Contemporary pre-clinical drug discovery is complemented by the combinatorial use of numerous computational techniques linked to computer-aided drug design and discovery. We combined inherently different computational analyses derived from multi-scale conventional, steered and umbrella sampling simulations to identify potential drug candidates for the first bromodomain of the human bromodomain containing protein 4 (BRD4-BD1). The BRD4-BD1 protein is a recognized therapeutic target for various diseases including cancer, neurological disorders, inflammation, and obesity.

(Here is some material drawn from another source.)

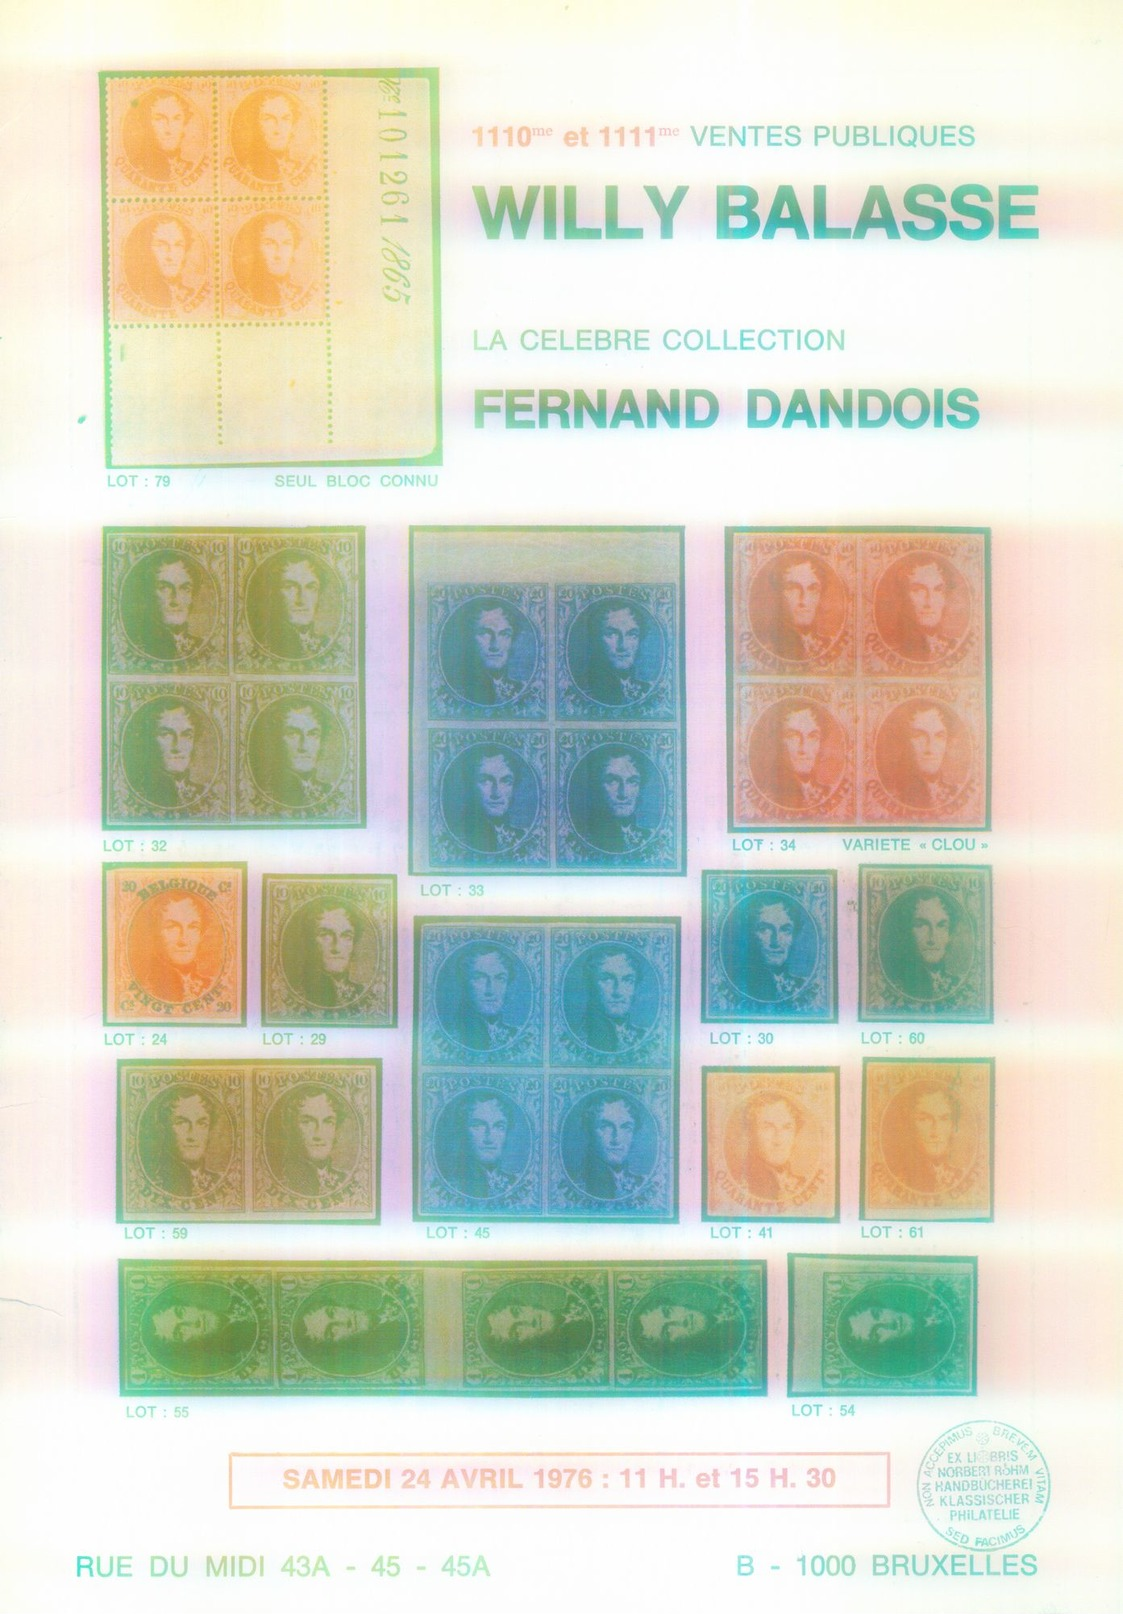 "Belgien - Sammlung Fernand Dandois" Willy Balasse 1110 - 1111. Auktion 1976 - Auktionskataloge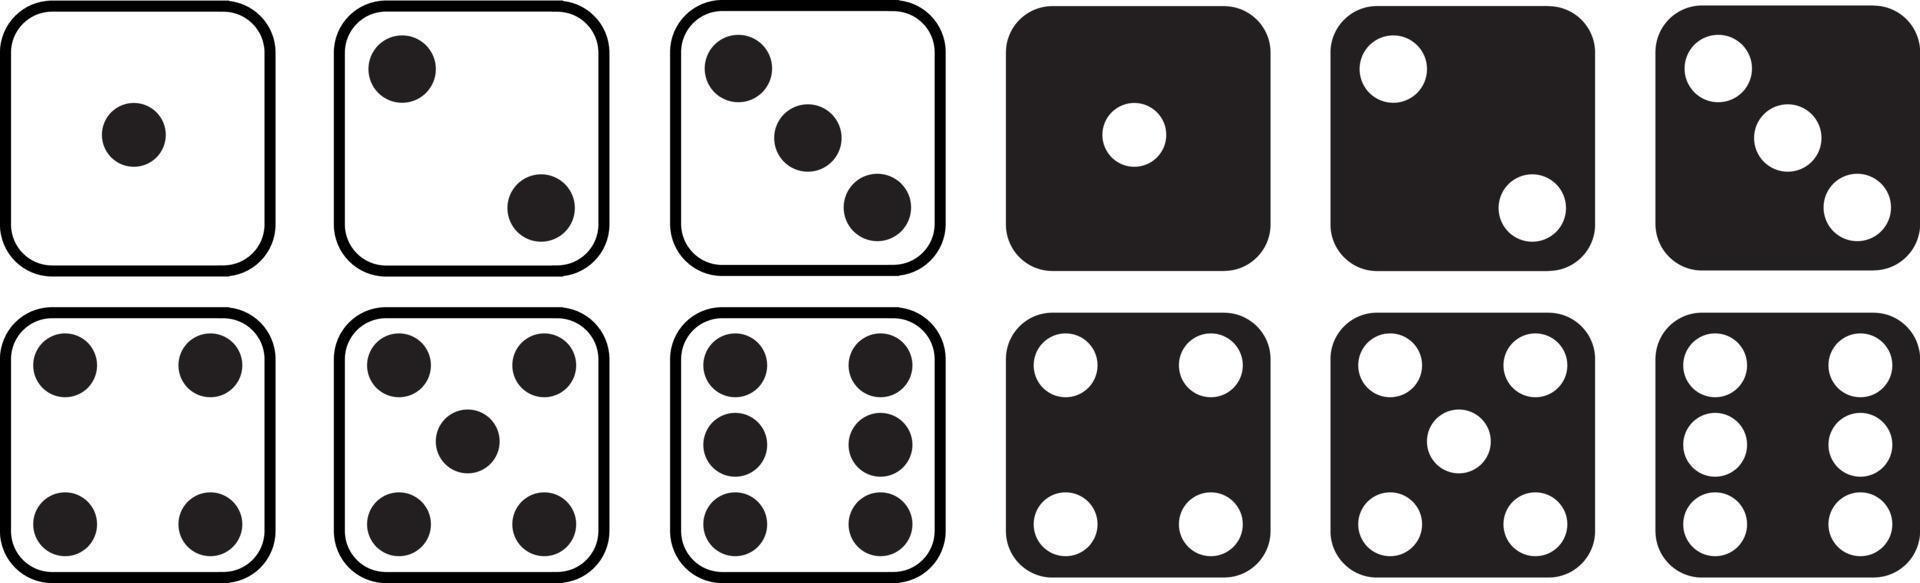 jogo de dados conjunto isolado no fundo branco. conjunto de dados em design plano e linear de um a seis. jogo tradicional dado com marcado com diferentes números de pontos ou pips de 1 a 6. vetor

The in-house synthesized benzosuberene-sulfone (BSS) molecules were assessed for their potential to act as inhibitors against the BRD4-BD1 protein. We compared the molecular interactions and docking scores of BSS analogues with six different co-crystal inhibitors of the BRD4-BD1 protein. Further, the thermodynamic free energy of binding for each complex was estimated by the end-state Molecular Mechanics Poisson-Boltzmann Surface Area (MM/PBSA) approach. Moreover, umbrella sampling simulations were utilized to validate the results obtained from MM/PBSA analyses and to demonstrate the unbinding/binding process of the most potent BSS analogue from the binding pocket of BRD4-BD1 protein. Our results show the potential of organosulfur molecules to be developed as inhibitors of the BRD4-BD1 protein and endorse their evaluation by suitable in-vitro and in-vivo studies.

Suggested Citation

  • Bhardwaj, Vijay Kumar & Das, Pralay & Purohit, Rituraj, 2023. "Integrating microsecond timescale classical and biased molecular dynamics simulations to screen potential molecules for BRD4-BD1," Chaos, Solitons & Fractals, Elsevier, vol. 167(C).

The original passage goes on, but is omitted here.